## How to complete this task
Which lines run from the start of the data below to the line containing "The Metropolitan Plan Appendices"? Set them down exactly, with none added.

## Exercise materials

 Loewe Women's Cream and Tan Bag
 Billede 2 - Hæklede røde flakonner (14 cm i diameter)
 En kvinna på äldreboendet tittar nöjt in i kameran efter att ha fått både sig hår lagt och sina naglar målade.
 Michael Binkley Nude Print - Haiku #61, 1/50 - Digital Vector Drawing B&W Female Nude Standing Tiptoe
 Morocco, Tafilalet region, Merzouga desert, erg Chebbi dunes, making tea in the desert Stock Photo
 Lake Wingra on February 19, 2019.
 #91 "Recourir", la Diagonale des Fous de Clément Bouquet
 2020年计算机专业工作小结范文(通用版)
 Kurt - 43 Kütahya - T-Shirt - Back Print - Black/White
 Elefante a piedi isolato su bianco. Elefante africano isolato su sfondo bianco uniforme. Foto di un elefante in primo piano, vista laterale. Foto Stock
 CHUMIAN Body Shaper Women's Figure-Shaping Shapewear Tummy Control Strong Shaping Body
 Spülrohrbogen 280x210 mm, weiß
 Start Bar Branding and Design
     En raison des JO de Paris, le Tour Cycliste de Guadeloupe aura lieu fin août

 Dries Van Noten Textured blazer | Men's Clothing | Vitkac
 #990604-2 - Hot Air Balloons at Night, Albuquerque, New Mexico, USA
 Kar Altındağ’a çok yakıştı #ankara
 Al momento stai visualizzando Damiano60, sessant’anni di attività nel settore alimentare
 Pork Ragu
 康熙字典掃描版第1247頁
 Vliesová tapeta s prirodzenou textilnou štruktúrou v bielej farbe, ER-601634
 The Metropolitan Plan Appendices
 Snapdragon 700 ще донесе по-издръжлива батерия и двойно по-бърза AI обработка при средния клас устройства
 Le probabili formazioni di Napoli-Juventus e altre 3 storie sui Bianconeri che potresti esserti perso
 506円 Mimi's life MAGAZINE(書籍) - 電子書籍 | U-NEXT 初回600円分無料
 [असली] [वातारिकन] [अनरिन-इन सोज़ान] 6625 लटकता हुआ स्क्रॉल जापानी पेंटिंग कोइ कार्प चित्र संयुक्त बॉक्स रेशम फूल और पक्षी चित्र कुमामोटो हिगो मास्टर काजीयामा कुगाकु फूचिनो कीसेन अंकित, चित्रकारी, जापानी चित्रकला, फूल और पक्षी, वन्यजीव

## Expected answer
 Loewe Women's Cream and Tan Bag
 Billede 2 - Hæklede røde flakonner (14 cm i diameter)
 En kvinna på äldreboendet tittar nöjt in i kameran efter att ha fått både sig hår lagt och sina naglar målade.
 Michael Binkley Nude Print - Haiku #61, 1/50 - Digital Vector Drawing B&W Female Nude Standing Tiptoe
 Morocco, Tafilalet region, Merzouga desert, erg Chebbi dunes, making tea in the desert Stock Photo
 Lake Wingra on February 19, 2019.
 #91 "Recourir", la Diagonale des Fous de Clément Bouquet
 2020年计算机专业工作小结范文(通用版)
 Kurt - 43 Kütahya - T-Shirt - Back Print - Black/White
 Elefante a piedi isolato su bianco. Elefante africano isolato su sfondo bianco uniforme. Foto di un elefante in primo piano, vista laterale. Foto Stock
 CHUMIAN Body Shaper Women's Figure-Shaping Shapewear Tummy Control Strong Shaping Body
 Spülrohrbogen 280x210 mm, weiß
 Start Bar Branding and Design
     En raison des JO de Paris, le Tour Cycliste de Guadeloupe aura lieu fin août

 Dries Van Noten Textured blazer | Men's Clothing | Vitkac
 #990604-2 - Hot Air Balloons at Night, Albuquerque, New Mexico, USA
 Kar Altındağ’a çok yakıştı #ankara
 Al momento stai visualizzando Damiano60, sessant’anni di attività nel settore alimentare
 Pork Ragu
 康熙字典掃描版第1247頁
 Vliesová tapeta s prirodzenou textilnou štruktúrou v bielej farbe, ER-601634
 The Metropolitan Plan Appendices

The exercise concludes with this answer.